EXERCISE INSTRUCTIONS:
Output the records again verbatim.

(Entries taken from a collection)
-- Opening Marker --

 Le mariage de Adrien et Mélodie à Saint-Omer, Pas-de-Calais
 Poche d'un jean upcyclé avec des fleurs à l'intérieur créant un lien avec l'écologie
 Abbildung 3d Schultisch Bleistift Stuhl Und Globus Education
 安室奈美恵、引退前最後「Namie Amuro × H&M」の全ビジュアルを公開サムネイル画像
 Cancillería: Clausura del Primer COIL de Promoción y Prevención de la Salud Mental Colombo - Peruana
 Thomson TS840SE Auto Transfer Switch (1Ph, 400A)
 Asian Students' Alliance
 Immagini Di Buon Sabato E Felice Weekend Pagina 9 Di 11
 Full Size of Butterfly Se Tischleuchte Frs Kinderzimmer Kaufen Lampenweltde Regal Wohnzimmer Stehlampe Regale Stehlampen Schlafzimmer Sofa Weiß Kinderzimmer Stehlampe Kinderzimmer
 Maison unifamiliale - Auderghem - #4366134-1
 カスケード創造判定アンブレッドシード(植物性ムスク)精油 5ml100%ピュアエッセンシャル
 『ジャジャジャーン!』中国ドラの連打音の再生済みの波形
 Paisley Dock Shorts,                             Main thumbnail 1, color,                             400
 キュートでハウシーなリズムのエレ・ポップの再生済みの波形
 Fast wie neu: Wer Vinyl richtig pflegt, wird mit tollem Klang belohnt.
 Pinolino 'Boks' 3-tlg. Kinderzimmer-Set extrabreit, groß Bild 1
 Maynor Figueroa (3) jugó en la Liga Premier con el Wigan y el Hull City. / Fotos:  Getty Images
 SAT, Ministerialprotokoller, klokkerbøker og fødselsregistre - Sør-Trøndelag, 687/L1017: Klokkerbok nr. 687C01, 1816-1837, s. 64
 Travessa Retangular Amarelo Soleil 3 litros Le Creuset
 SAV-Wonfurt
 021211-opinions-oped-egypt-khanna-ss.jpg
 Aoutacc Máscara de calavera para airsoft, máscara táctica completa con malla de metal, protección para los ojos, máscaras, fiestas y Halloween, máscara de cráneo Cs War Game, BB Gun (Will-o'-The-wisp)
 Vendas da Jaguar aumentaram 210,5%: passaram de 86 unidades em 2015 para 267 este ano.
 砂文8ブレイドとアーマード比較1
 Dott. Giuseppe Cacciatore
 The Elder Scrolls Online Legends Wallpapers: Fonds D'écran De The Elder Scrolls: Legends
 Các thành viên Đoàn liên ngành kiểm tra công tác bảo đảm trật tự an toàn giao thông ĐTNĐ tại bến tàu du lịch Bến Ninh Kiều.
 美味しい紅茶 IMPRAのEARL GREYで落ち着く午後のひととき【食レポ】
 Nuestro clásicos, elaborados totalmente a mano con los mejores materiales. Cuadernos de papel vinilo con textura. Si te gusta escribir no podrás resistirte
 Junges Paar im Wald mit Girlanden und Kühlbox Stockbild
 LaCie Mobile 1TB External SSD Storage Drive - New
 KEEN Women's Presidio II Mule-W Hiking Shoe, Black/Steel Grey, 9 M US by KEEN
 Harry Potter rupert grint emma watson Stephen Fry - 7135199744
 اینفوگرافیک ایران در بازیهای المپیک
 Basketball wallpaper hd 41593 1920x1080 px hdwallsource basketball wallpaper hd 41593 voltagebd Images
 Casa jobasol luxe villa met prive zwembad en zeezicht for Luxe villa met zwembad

-- Closing Marker --

SOLUTION:
 Le mariage de Adrien et Mélodie à Saint-Omer, Pas-de-Calais
 Poche d'un jean upcyclé avec des fleurs à l'intérieur créant un lien avec l'écologie
 Abbildung 3d Schultisch Bleistift Stuhl Und Globus Education
 安室奈美恵、引退前最後「Namie Amuro × H&M」の全ビジュアルを公開サムネイル画像
 Cancillería: Clausura del Primer COIL de Promoción y Prevención de la Salud Mental Colombo - Peruana
 Thomson TS840SE Auto Transfer Switch (1Ph, 400A)
 Asian Students' Alliance
 Immagini Di Buon Sabato E Felice Weekend Pagina 9 Di 11
 Full Size of Butterfly Se Tischleuchte Frs Kinderzimmer Kaufen Lampenweltde Regal Wohnzimmer Stehlampe Regale Stehlampen Schlafzimmer Sofa Weiß Kinderzimmer Stehlampe Kinderzimmer
 Maison unifamiliale - Auderghem - #4366134-1
 カスケード創造判定アンブレッドシード(植物性ムスク)精油 5ml100%ピュアエッセンシャル
 『ジャジャジャーン!』中国ドラの連打音の再生済みの波形
 Paisley Dock Shorts,                             Main thumbnail 1, color,                             400
 キュートでハウシーなリズムのエレ・ポップの再生済みの波形
 Fast wie neu: Wer Vinyl richtig pflegt, wird mit tollem Klang belohnt.
 Pinolino 'Boks' 3-tlg. Kinderzimmer-Set extrabreit, groß Bild 1
 Maynor Figueroa (3) jugó en la Liga Premier con el Wigan y el Hull City. / Fotos:  Getty Images
 SAT, Ministerialprotokoller, klokkerbøker og fødselsregistre - Sør-Trøndelag, 687/L1017: Klokkerbok nr. 687C01, 1816-1837, s. 64
 Travessa Retangular Amarelo Soleil 3 litros Le Creuset
 SAV-Wonfurt
 021211-opinions-oped-egypt-khanna-ss.jpg
 Aoutacc Máscara de calavera para airsoft, máscara táctica completa con malla de metal, protección para los ojos, máscaras, fiestas y Halloween, máscara de cráneo Cs War Game, BB Gun (Will-o'-The-wisp)
 Vendas da Jaguar aumentaram 210,5%: passaram de 86 unidades em 2015 para 267 este ano.
 砂文8ブレイドとアーマード比較1
 Dott. Giuseppe Cacciatore
 The Elder Scrolls Online Legends Wallpapers: Fonds D'écran De The Elder Scrolls: Legends
 Các thành viên Đoàn liên ngành kiểm tra công tác bảo đảm trật tự an toàn giao thông ĐTNĐ tại bến tàu du lịch Bến Ninh Kiều.
 美味しい紅茶 IMPRAのEARL GREYで落ち着く午後のひととき【食レポ】
 Nuestro clásicos, elaborados totalmente a mano con los mejores materiales. Cuadernos de papel vinilo con textura. Si te gusta escribir no podrás resistirte
 Junges Paar im Wald mit Girlanden und Kühlbox Stockbild
 LaCie Mobile 1TB External SSD Storage Drive - New
 KEEN Women's Presidio II Mule-W Hiking Shoe, Black/Steel Grey, 9 M US by KEEN
 Harry Potter rupert grint emma watson Stephen Fry - 7135199744
 اینفوگرافیک ایران در بازیهای المپیک
 Basketball wallpaper hd 41593 1920x1080 px hdwallsource basketball wallpaper hd 41593 voltagebd Images
 Casa jobasol luxe villa met prive zwembad en zeezicht for Luxe villa met zwembad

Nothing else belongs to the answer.